L’Arabia Saudita sta puntando a spingere il petrolio a 60 dollari al barile, un livello che ritiene sufficiente a respingere la concorrenza dello shale oil americano senza arrecare danni eccessivi alle sue finanze e a quelle degli altri paesi del Golfo Persico

È davvero a 60 dollari al barile che l’Arabia Saudita sta puntando a spingere il petrolio, un livello che ritiene sufficiente a respingere la concorrenza dello shale oil americano senza arrecare danni eccessivi alle sue finanze e a quelle degli altri paesi del Golfo Persico, che all’interno dell’Opec hanno appoggiato la sua strategia:?lasciare il tetto di produzione fermo a 30 milioni di barili al giorno per costringere altri a “tagliare” per effetto dell’inevitabile crollo dei prezzi.

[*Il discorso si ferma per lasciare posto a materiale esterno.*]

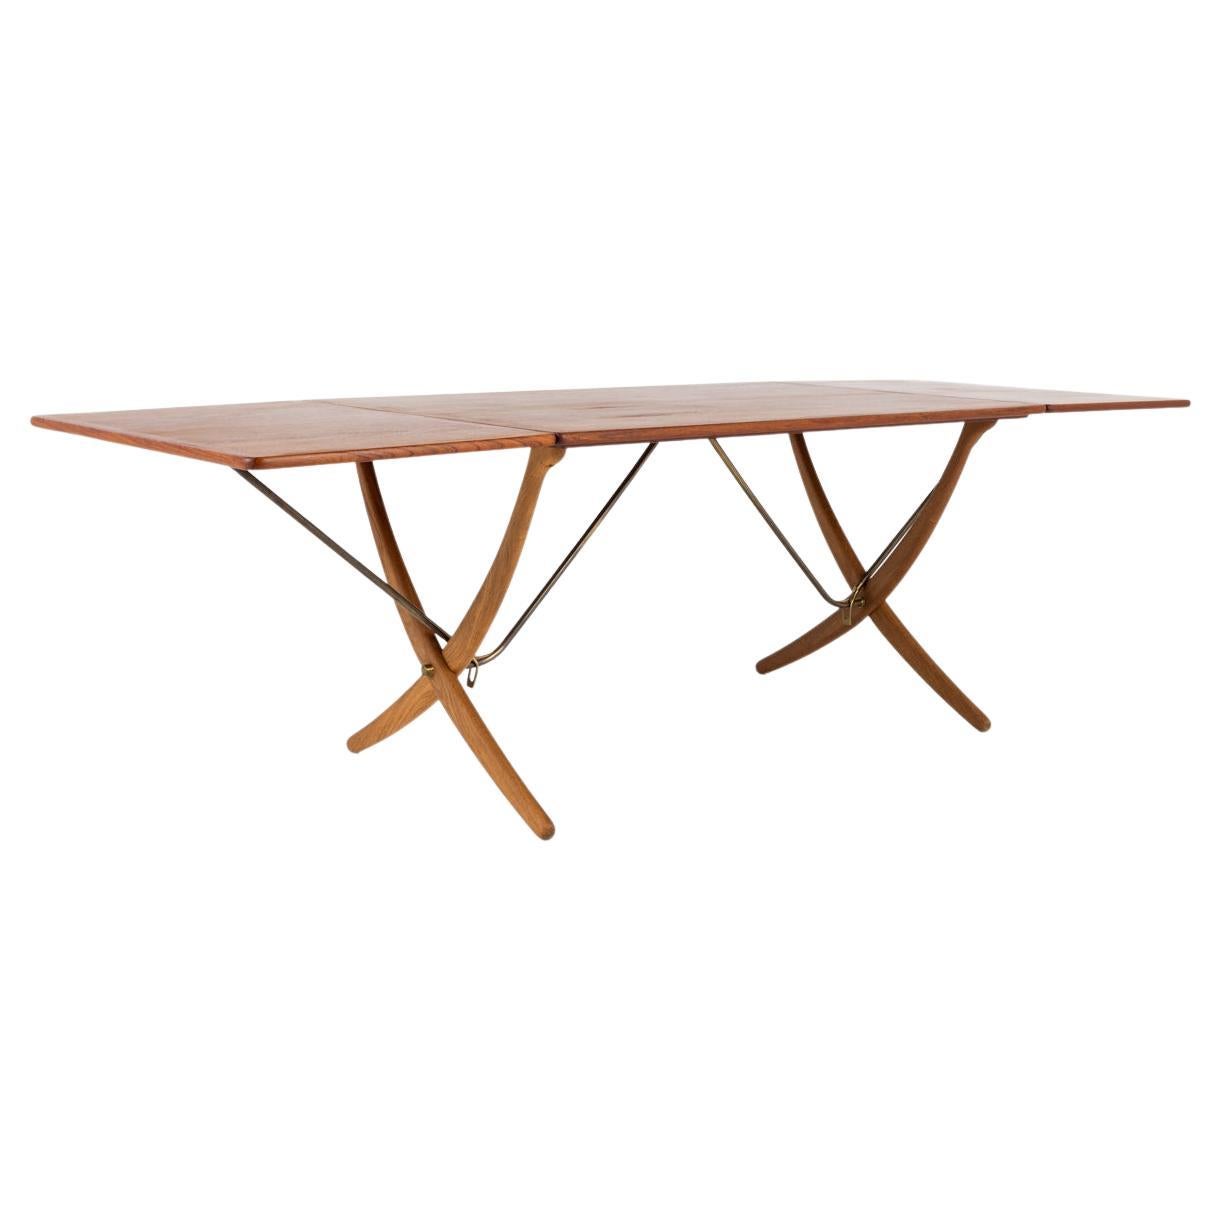 AT 304 - Sabre-legged table by Hans J. Wegner

Sono state fonti della Dow Jones a fornire un’ulteriore conferma alle indiscrezioni che circolavano già durante il vertice Opec (si veda Il Sole 24 Ore del 28 novembre). E la notizia rischia ora di pesare sulle quotazioni del greggio, che superano ancora di una decina di dollari il presunto obiettivo di prezzo dei sauditi. Ieri il Brent ha chiuso sotto quota 70 $ per la prima volta da febbraio 2010 (69,92 $/bbl, -0,9%), mentre il Wti ha guadagnato lo 0,8%, sostenuto da un inatteso calo di 3,5 milioni di barili delle scorte di greggio Usa, tutto legato a una comprensibile accelerazione delle raffinerie.
L’attesa dell’Opec potrebbe comunque non durare troppo a lungo. Al contrario. Lo shale oil americano potrebbe frenare «piuttosto rapidamente», avverte Rex Tillerson, il ceo di ExxonMobil, l’unica major con una presenza significativa anche nelle attività di fracking. «La natura di questo business è un pozzo per volta, una trivella per volta. Quindi si ha la possibilità di fare aggiustamenti», ha spiegato il manager in una rara intervista concessa alla Cnbc. «Un sacco di gente è entrata in questa arena e ci sarà un po’ di selezione».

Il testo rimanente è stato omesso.